The father daughter relationship is one of the most important relationships on earth. I’ve been incredibly fortunate, and sometimes, I wonder what I ever did to deserve all of the blessings in my life, the beautiful, strong bond I have with my father being just one of many. Throughout my life, my father has been a stable, loving presence, supporting and guiding ME through my trials and tribulations, sharing in my triumphs, and being a shining example.
When he would tell me that he loved me and that I was beautiful every single day I always listen ... When he would write me notes and leave them for me to find, I was learning how to do the same. When he would tell me that everything would be OK, I believed him. Even if it wasn’t all OK, I felt, and still feel, protected by him. He is like my umbrella during a rainstorm ... the rain is still falling, I can see it, touch it, and sometimes the wind blows it on me, but I am sheltered by his love and commitment to me as his child ... no matter how old I become.
When I hear the word “hero,” it usually brings up images of super men (or women) with super powers, sweeping in and saving humanity from villains and natural disasters, but when I hear that word, in my mind’s eye, I see my father. The word “hero” to me is full of subtleties, small, quiet, stable, yet profound ways of making impacts and changing lives.
Dad, you’re my father and my hero. I love you.
When I was a child, he was the man who taught me how to ride a bike and patiently helped me with my homework.
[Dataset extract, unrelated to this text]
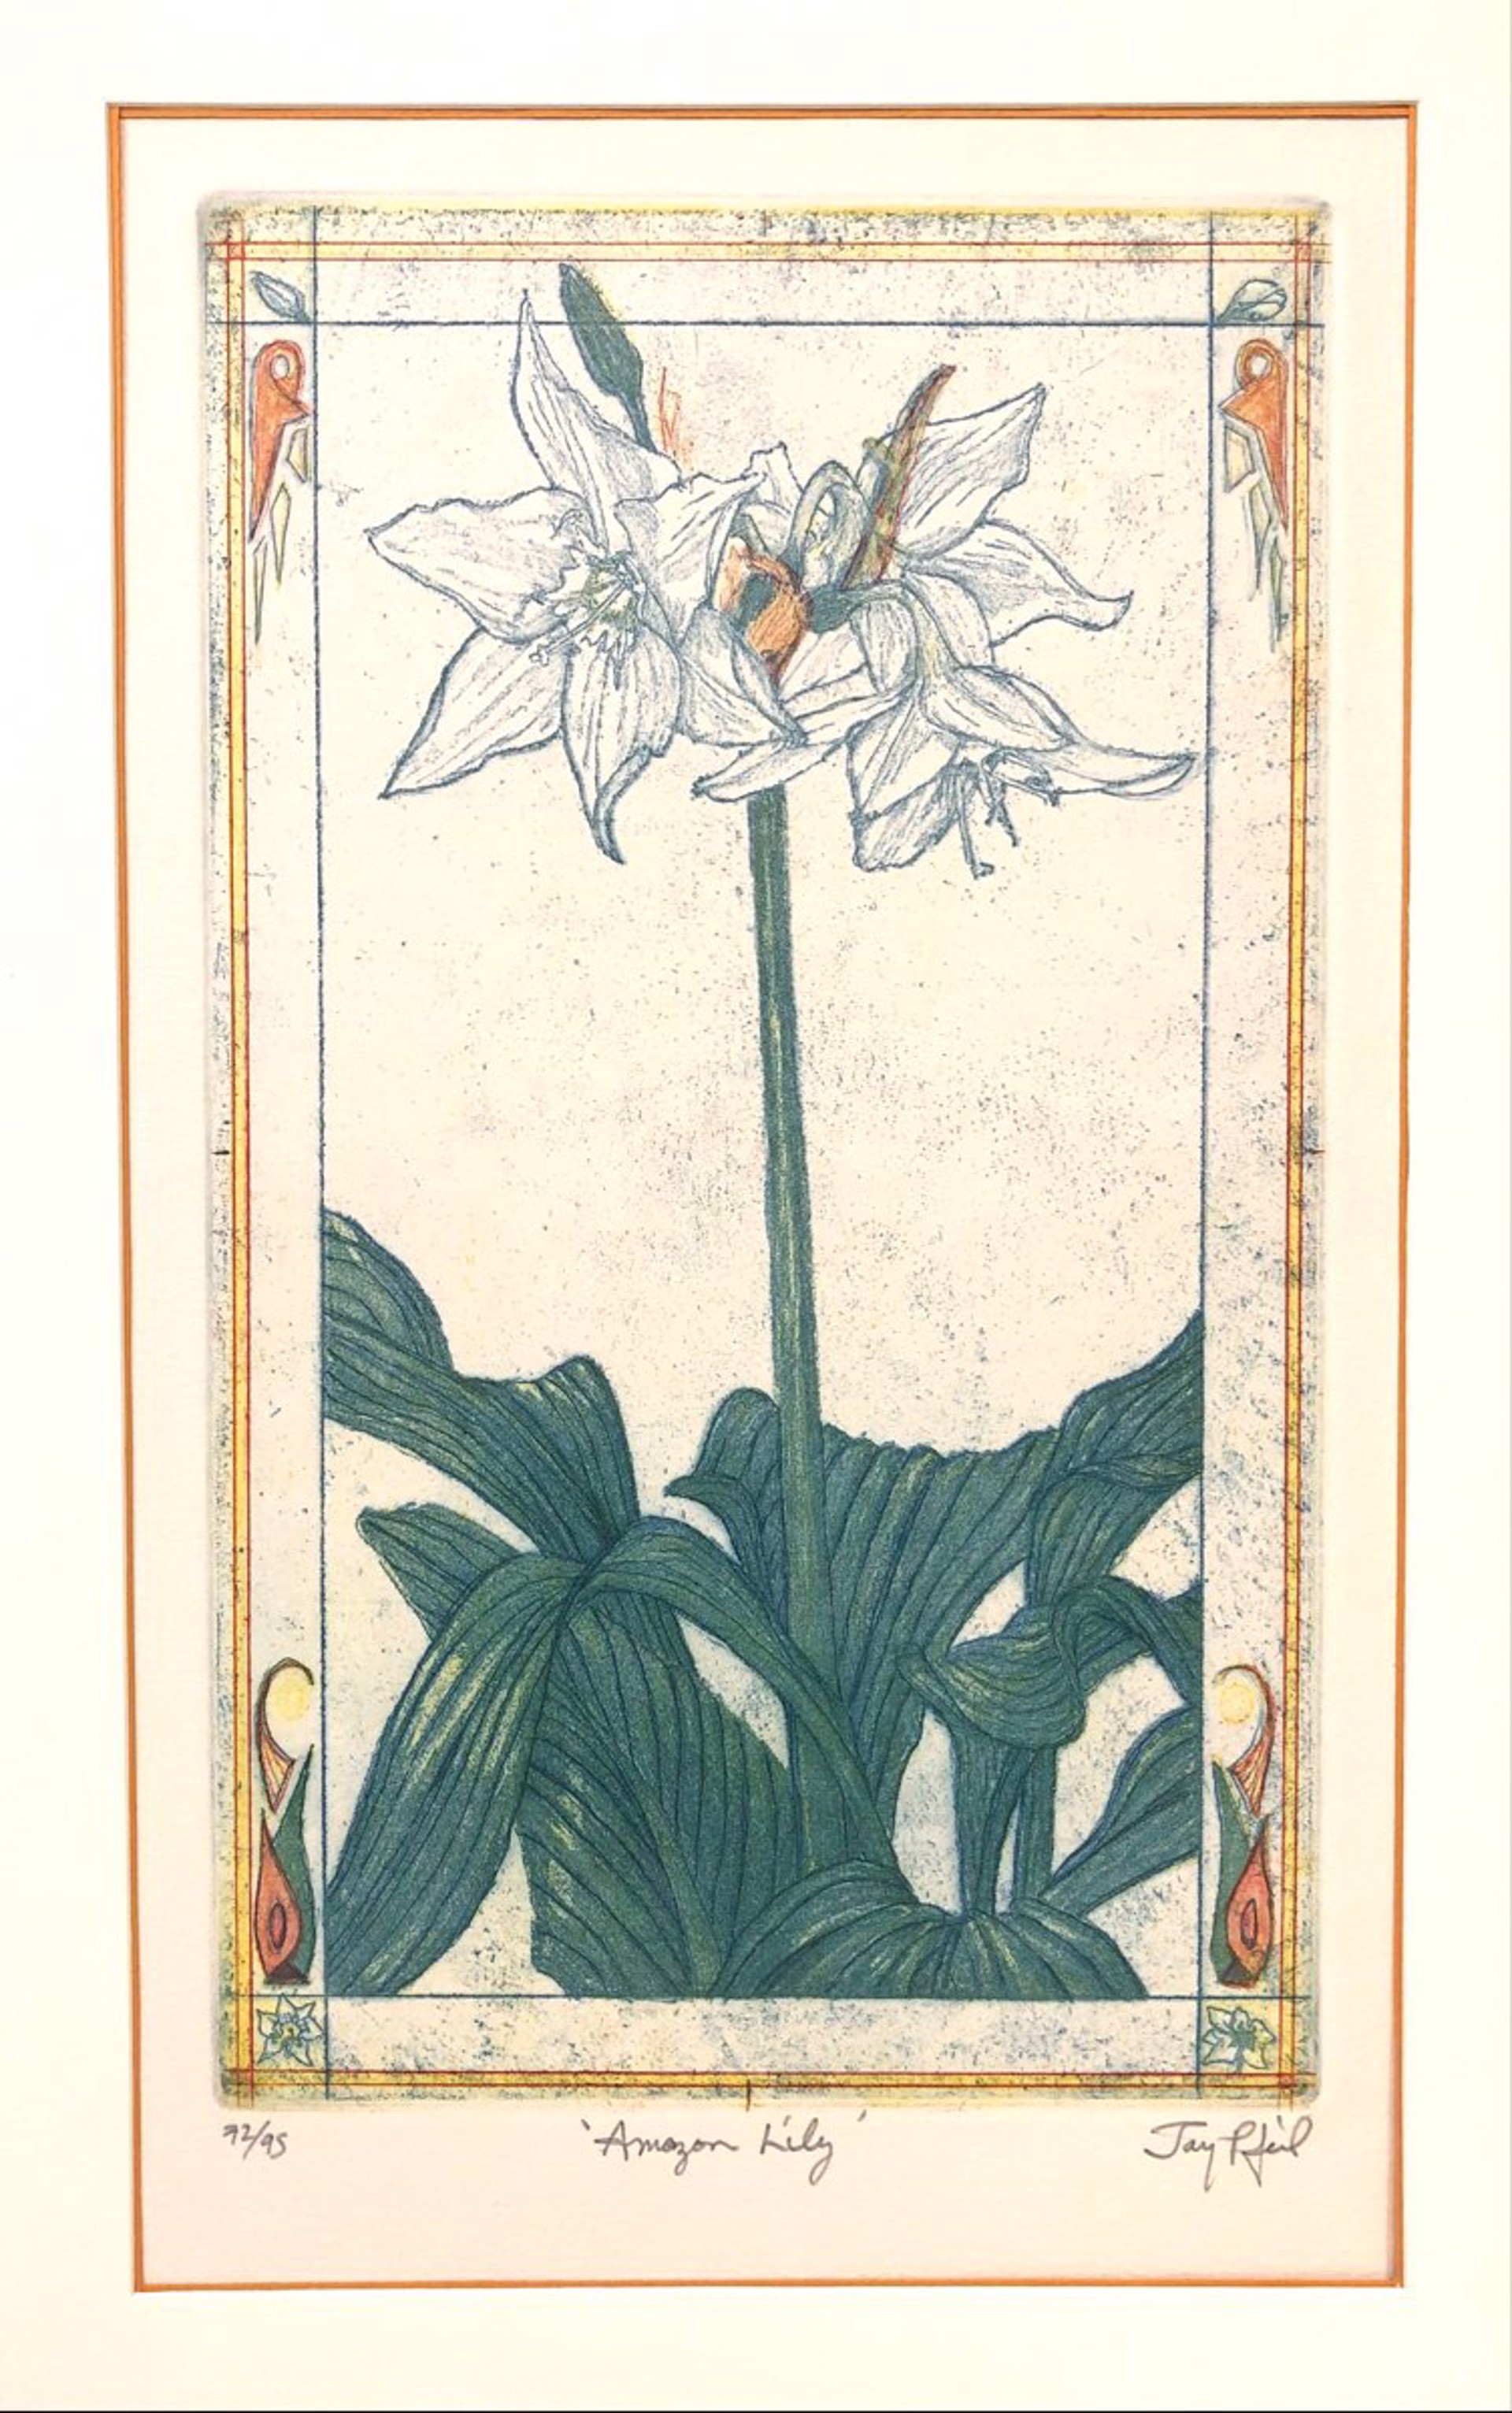 Amazon Lily (Unframed) by Jay Pfeil
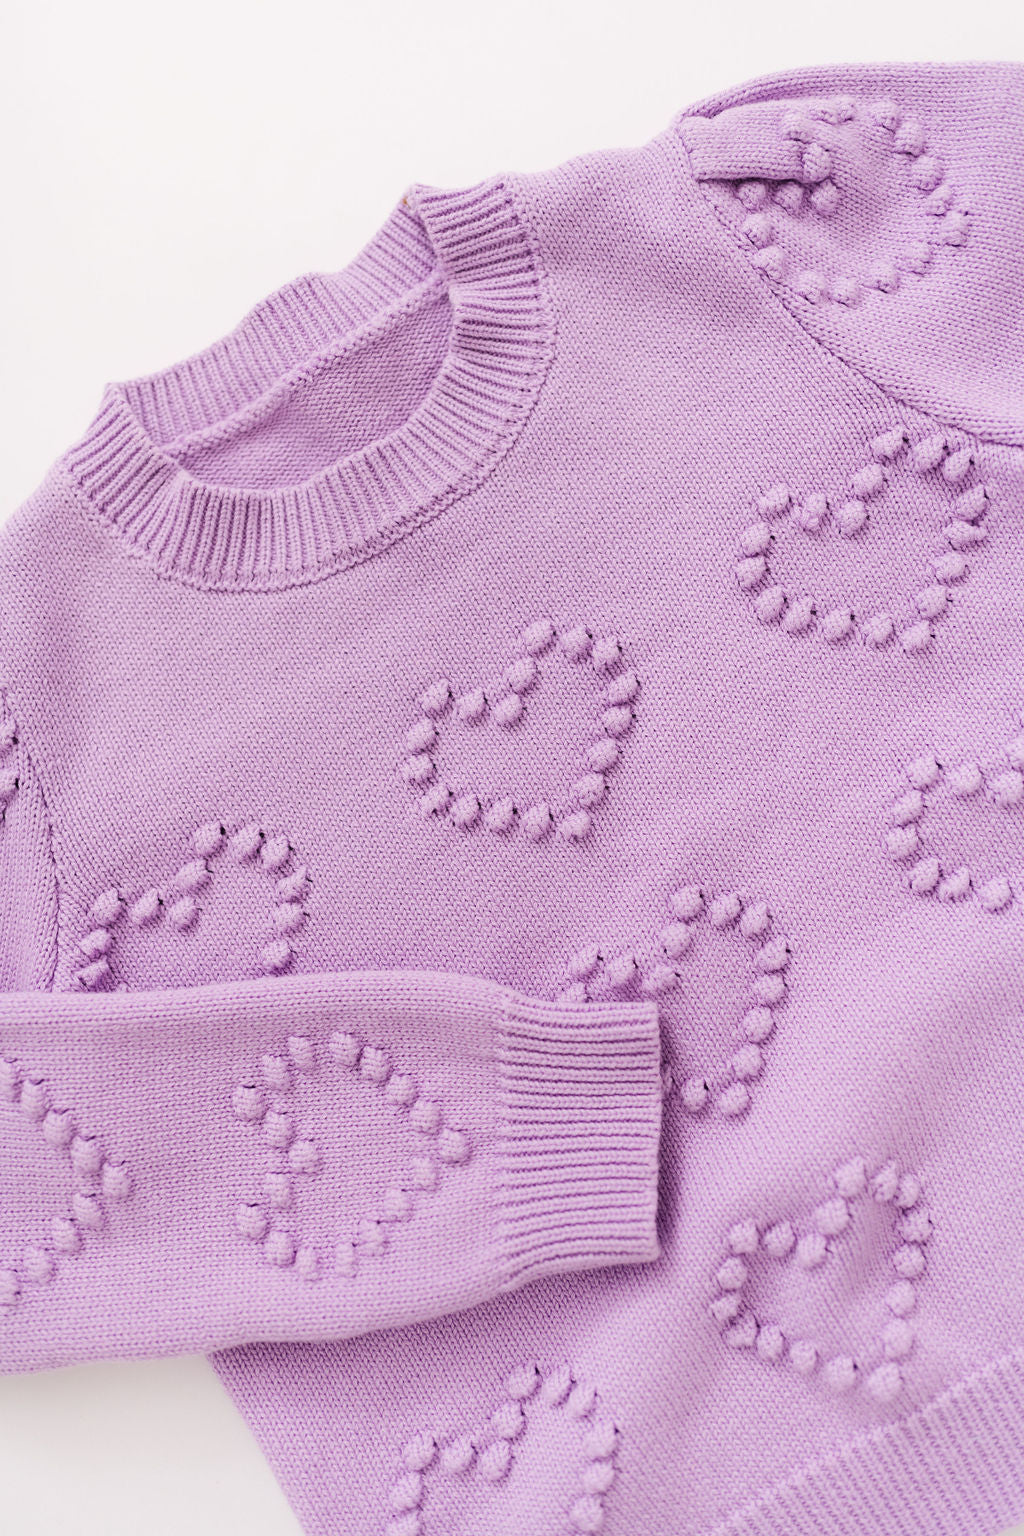 Heart Puff Sleeve Cotton Pullover in Crocus Petal Purple

In later years, he comforted me when my teenage "boyfriend" broke my heart... he taught me how to drive .... and I am talking about racing cars....
I miss my Dad every day .... every minute... what comfort me is knowing that he is no longer suffering.
I hope that no one ever has to suffer the way that I am.
I miss my dad... I just miss him. I just want my dad. I want who he was. He was dignified, honored and respected by many. A day doesn't pass that someone doesn't tell me what a great man he was. He is still that same man, but in a very different way. I can't call him and say, "Dad what should I do?" I can't call him and say, "Dad, what does this situation means?" I can't call him and say, "What is God trying to teach me?"
I miss you Dad. I love you and am so very proud of you.
He was my Dad and I miss him as much today as ever did, it’s just that I don’t cry as often as I did in front of people ... I feel less and less comfortable telling people about how I feel. I think that they would smile sympathetically but secretly be thinking that I should be over it by now. Grief is a funny thing, and although you do learn to cope with it, it never actually does goes away.
What I miss about my Dad most is that I relied on him to help me unpick problems. He actually didn’t give advice and the older he got the mellower he became. But he was good at being able to help me sort things out. I became a sad person .... I don’t know if I am supposed to get over it but I actually hope that I don’t. The grief reminds me that he existed and the tears remind me that I am proud that he was my Dad.
I know I have trouble accepting the fact that you're gone dad, so I wont... It'll be like we went for awhile without seeing each other.... but I can see why God would want you closer to him, cause you truly were an angel on Earth.